As tends to be the case, many of the spam accounts use stolen profile images. Google reverse image searches for three of the images from the “Daisy” network are shown above; the profile photos used by most of the other networks are likewise plagiarized. (A few of the networks use icons of various types as avatars rather than photographs.)
As mentioned earlier, some of the spam accounts are for sale, although in the case of one network, "extortion” might be a better word than “sale”. 25 accounts with handles implying affiliation with various major corporations such as Netflix, Best Buy, and Progressive Insurance have the biography “message for a handle transfer fee or your competitor’s advertisements will be posted”. Since these spam accounts have few or no followers, this form of digital blackmail is unlikely to be effective (or even noticed by its intended victims) but apparently someone nonetheless felt it was worth trying.
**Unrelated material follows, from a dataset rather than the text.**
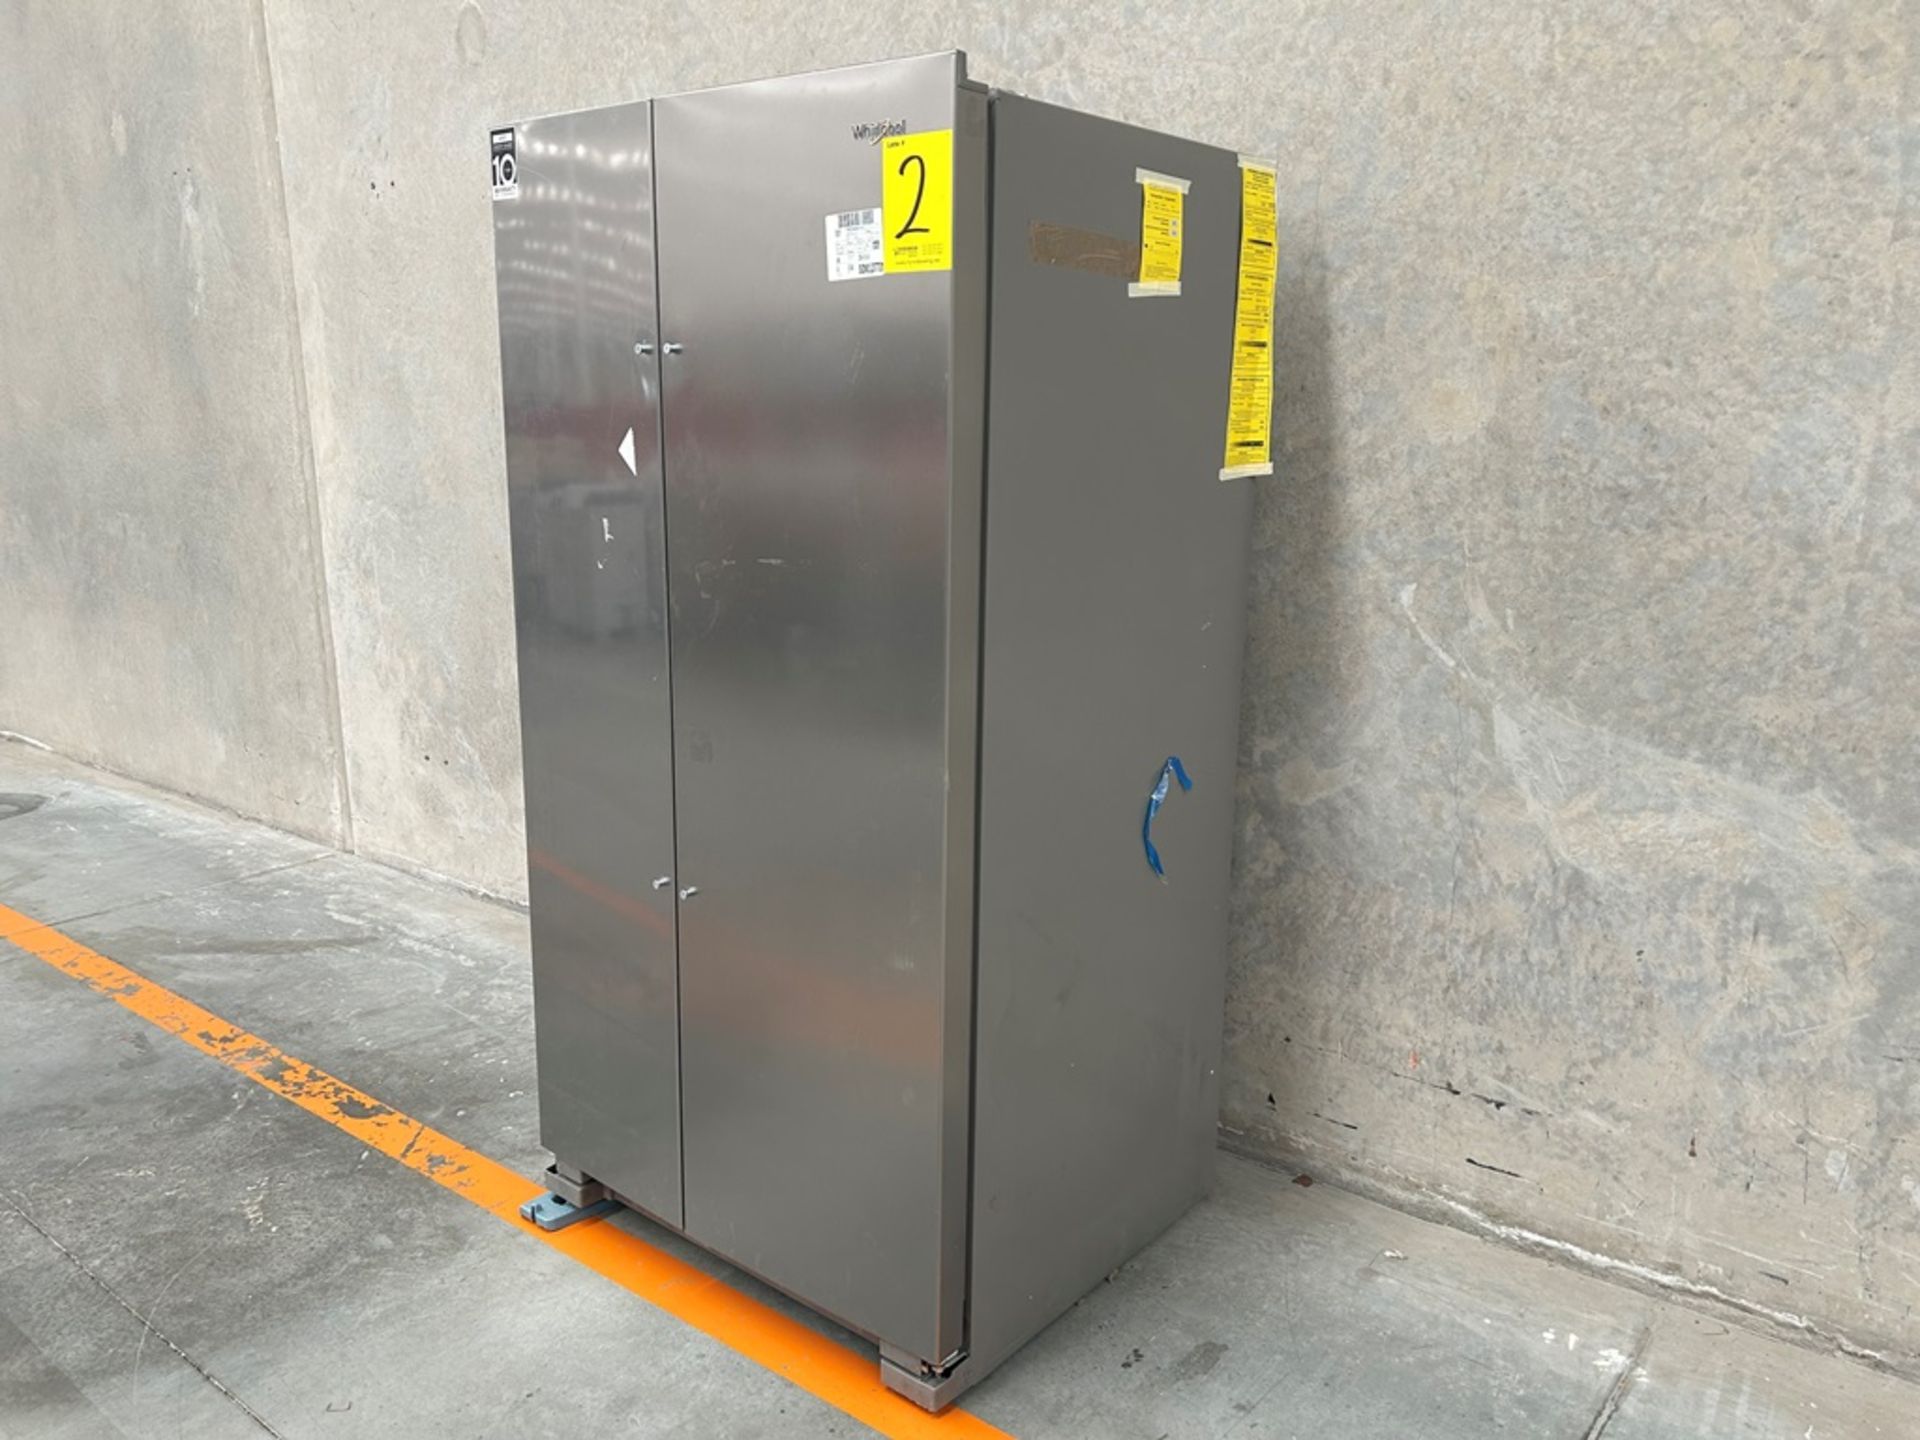 Refrigerador Marca WHIRLPOOL, Modelo WD5600S, Serie 813311, Color GRIS (Equipo de Devolución) - Image 2 of 9

Finally, there are a few groups of accounts with identical biographies that are just plain bizarre, such as a set of 19 accounts with the biography “Because One Checkmark Just Isn’t Enough”, and checkmarks in every color of the rainbow as avatars. (Edit: responses on Bluesky have made it clear that these accounts are labelers intended to apply parody verification checkmarks to accounts on an opt-in basis.)
This experiment is relatively primitive, and there is plenty of room for future optimization and improvement in both the post- and profile-based detection techniques. Bluesky’s use of an open protocol makes projects of this sort relatively straightforward, and I plan to iterate further on the work described here. As a final note, it is unfortunate that established major platforms have made work like this more difficult by eschewing an open approach in favor of walled gardens and APIs with prohibitively massive price tags.
Thanks very much for this. I'm gonna try to use these resources to investigate some weird shenanigans I've noticed.